According the the Anxiety and Depression Association of America (ADAA), 40 million adults in America suffer with a form of anxiety. Children are not immune to anxiety, although they may have a hard time labeling what they are feeling.
Is your child stressed out or anxious? Do they dread going to certain places? Do they procrastinate, or have nervous habits, or get stomachaches? Do they resist activities by acting up? Do they focus only on the negative and what might go wrong? These are all signs of anxiety.
How can we as parents help our children through this?
First, be compassionate. If you have ever felt nervous about something you can identify with what your child is feeling. Even though our kids’ anxiety sometimes comes up in the most inconvenient ways (nausea, avoidance behavior, last minute crises), we need to take a step back and remember that parents are the protectors of children. We also, in a sense, represent the Lord to our kids. We are their first mentors and disciplers. So, even if we are worried about getting to work late, having a mess on our hands, or embarrassment, we also need to consider the experience that our child is having in this moment. We must pray for wisdom: does this child need “tough love” right now to push through -- or a timeout and a listening ear? Most likely they need our reassurance, but we should not dismiss their fears. It can be a tricky balance.
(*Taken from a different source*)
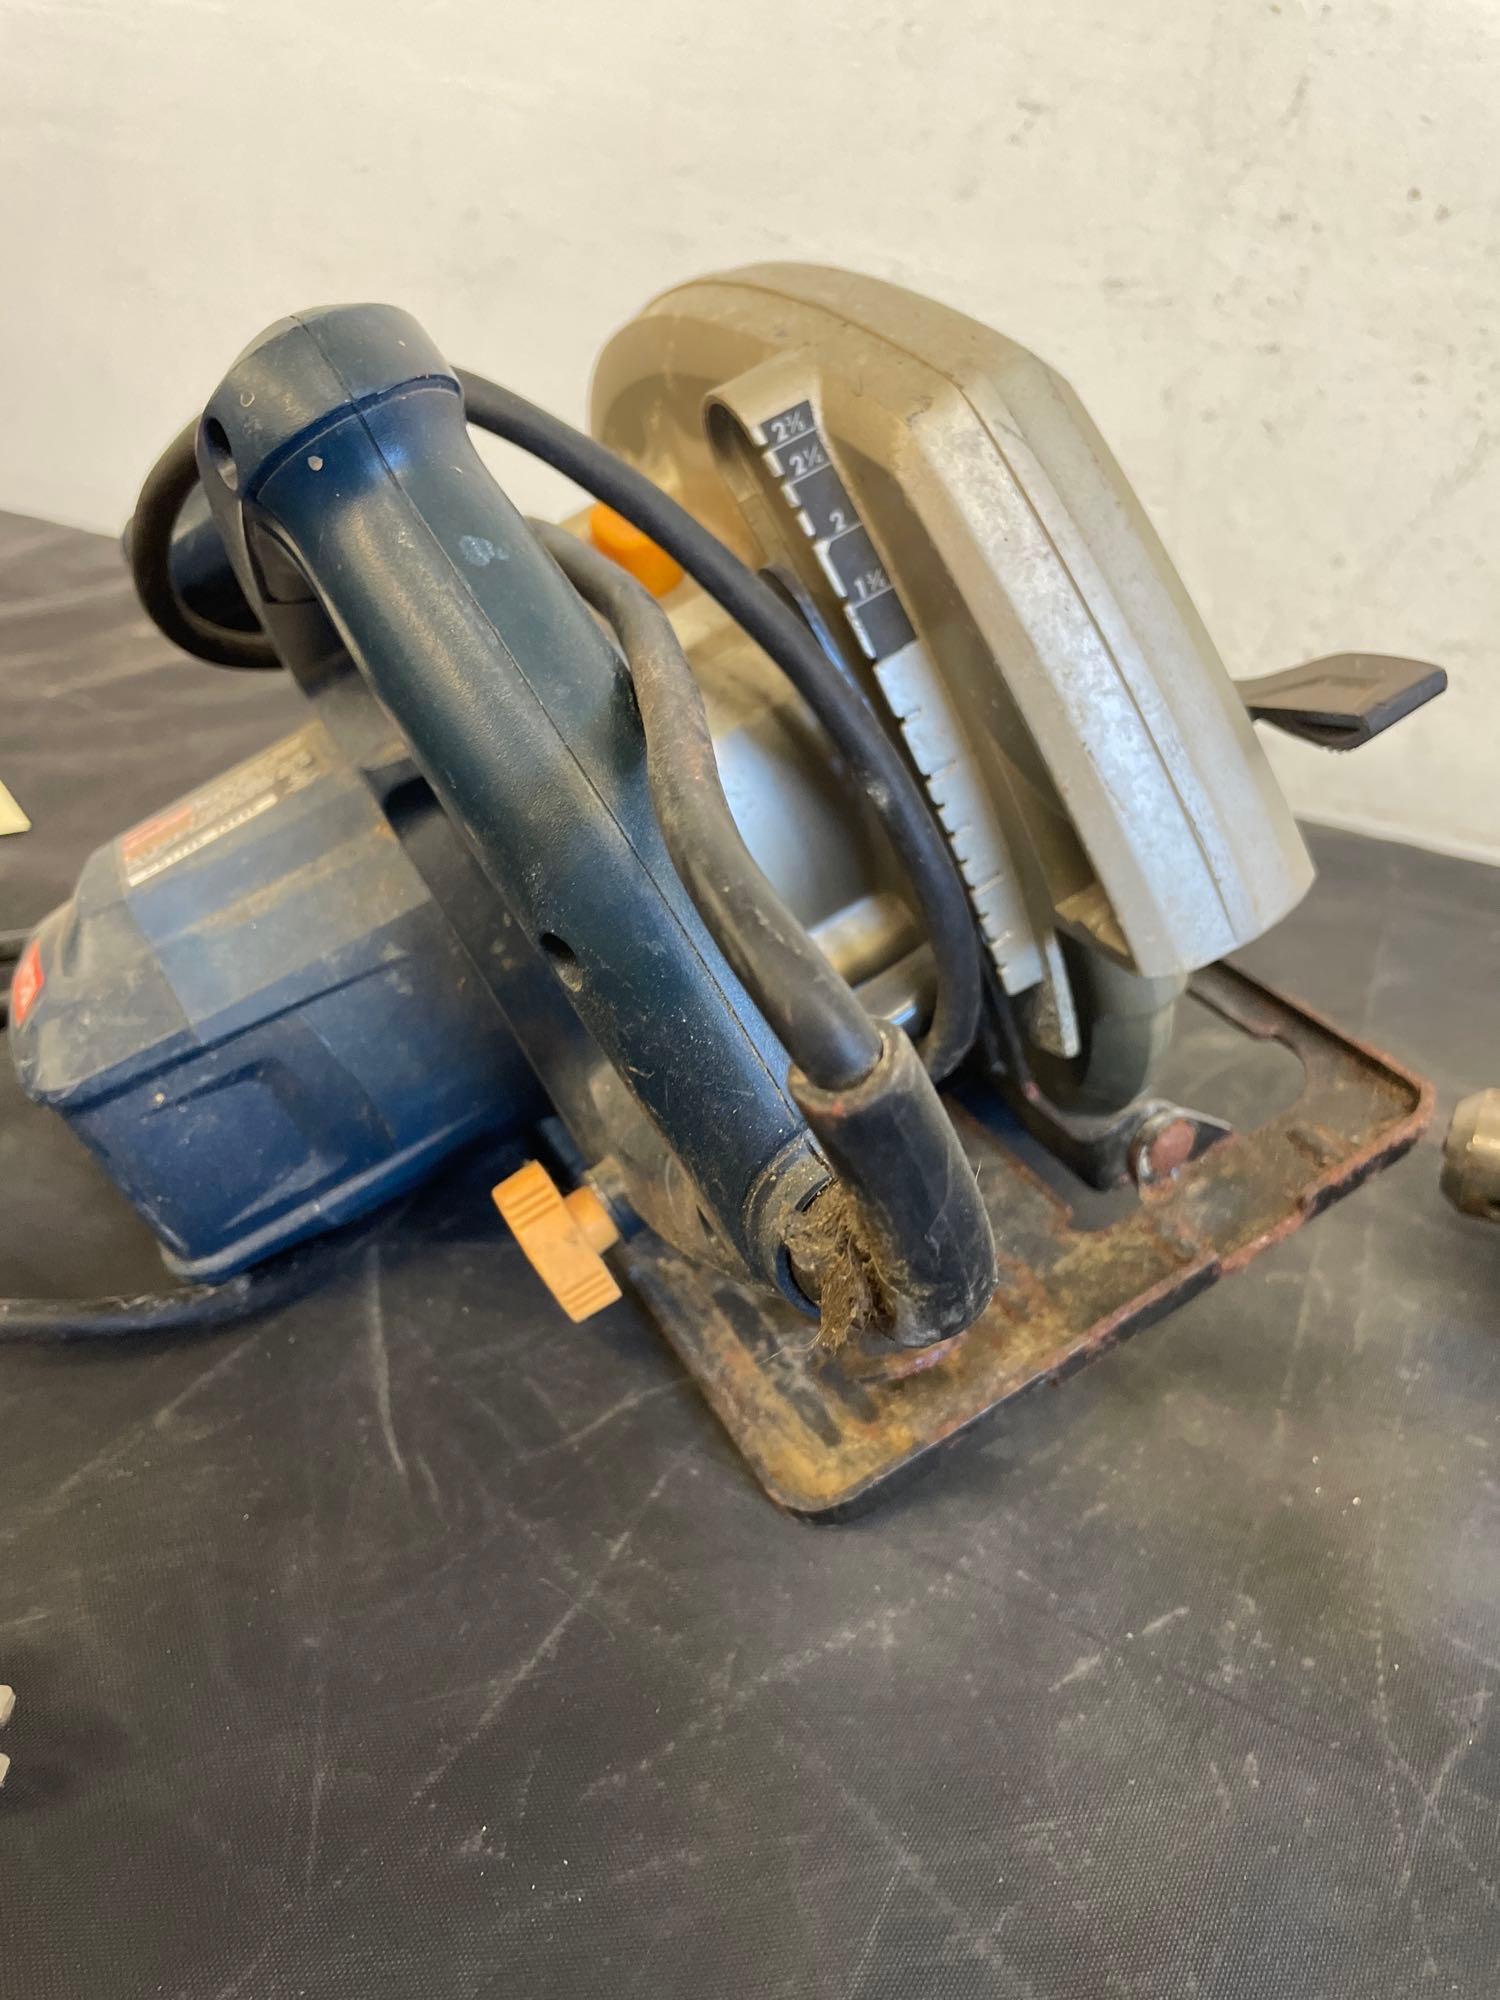 Ryobi circular saw and makita Hammer Drill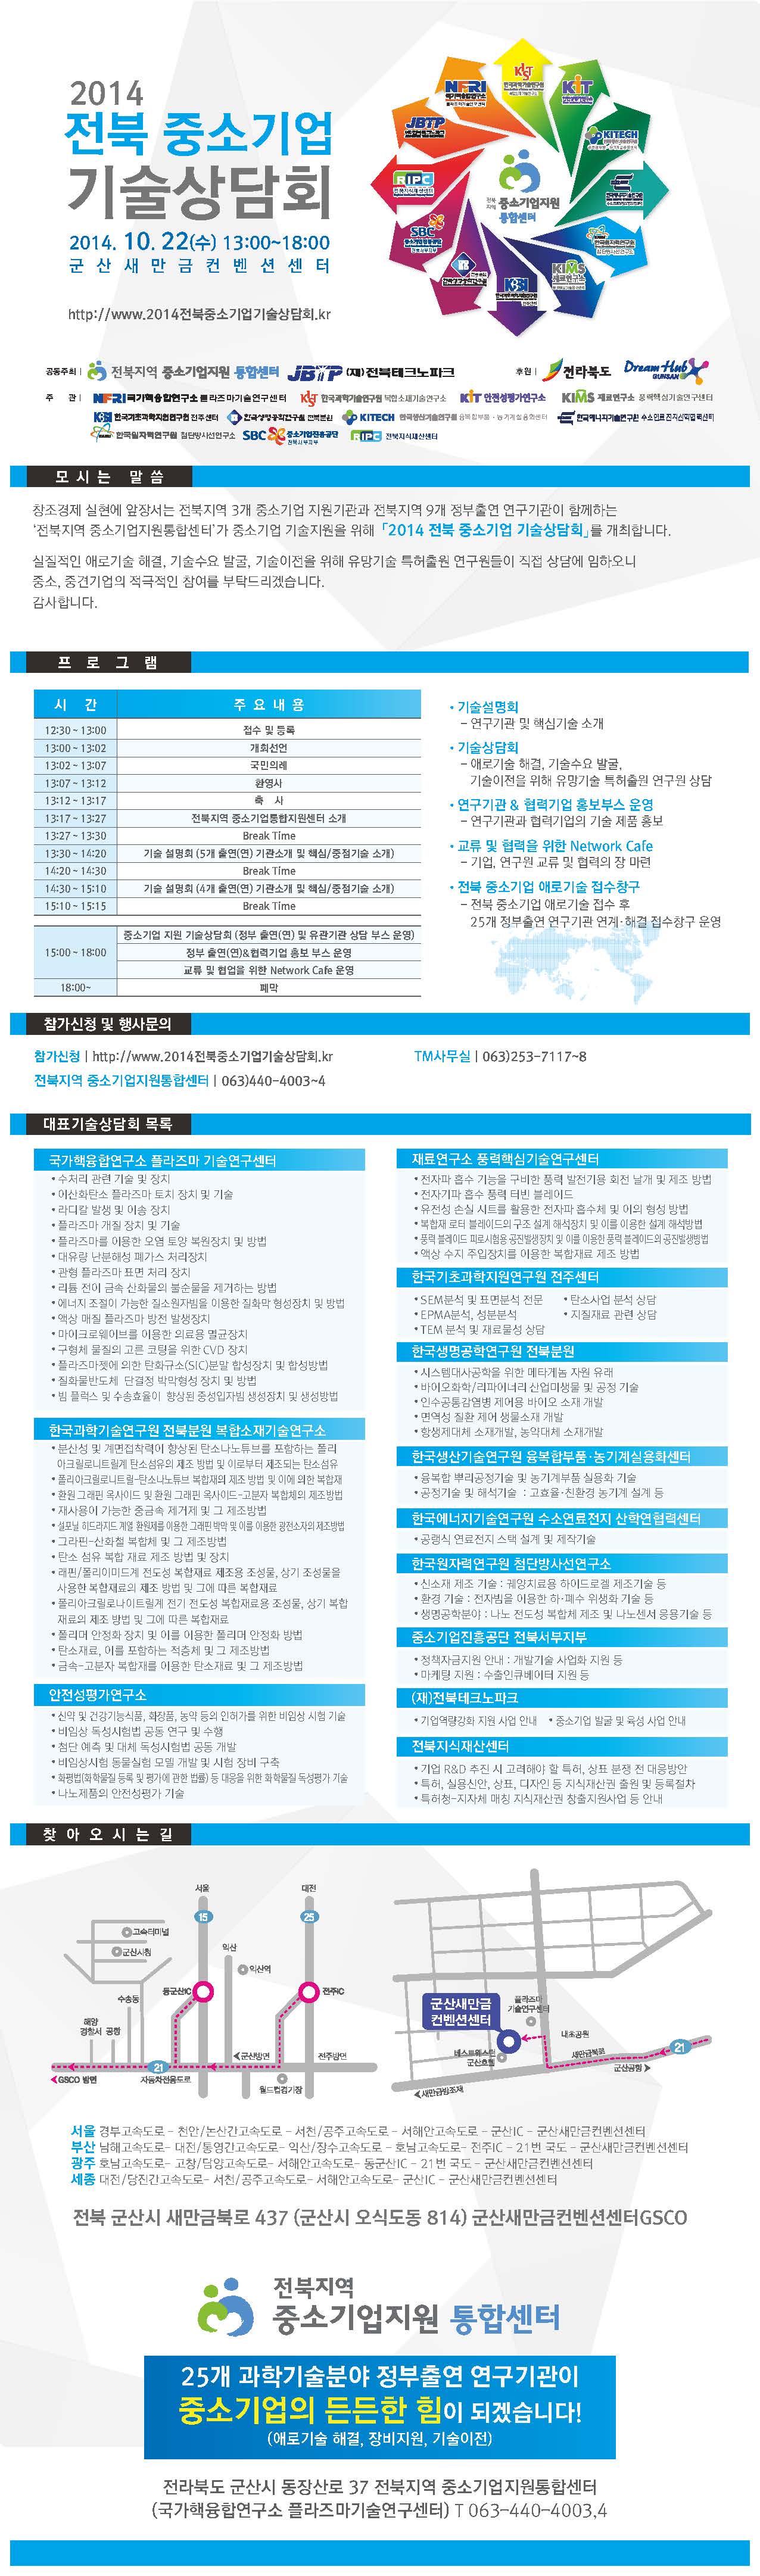 2014 전북 중소기업 기술상담회 개최 관련 내용은 첨부된 pdf 파일 참고

Second, empower the child. Anxiety is not alway as simple as “mind over matter,” but sometimes mental tools and strategies can be helpful. Encourage your child to do their best and focus on the positives. Remind them that you will be here for them no matter what. If they are worried about their performance, walk them through what “doing your best” will look like. For example, there is only one winner in a race, but the rest of the runners are still successful and accomplished if they have trained, practice, and persevered. They have overcome their own obstacles and perhaps beaten their own records. This is worth celebrating! While you are giving your child this pep talk, check your own motives. Have you been pressuring your child to perform, compete, dominate? If so, pray and surrender your child’s future to the Lord once again.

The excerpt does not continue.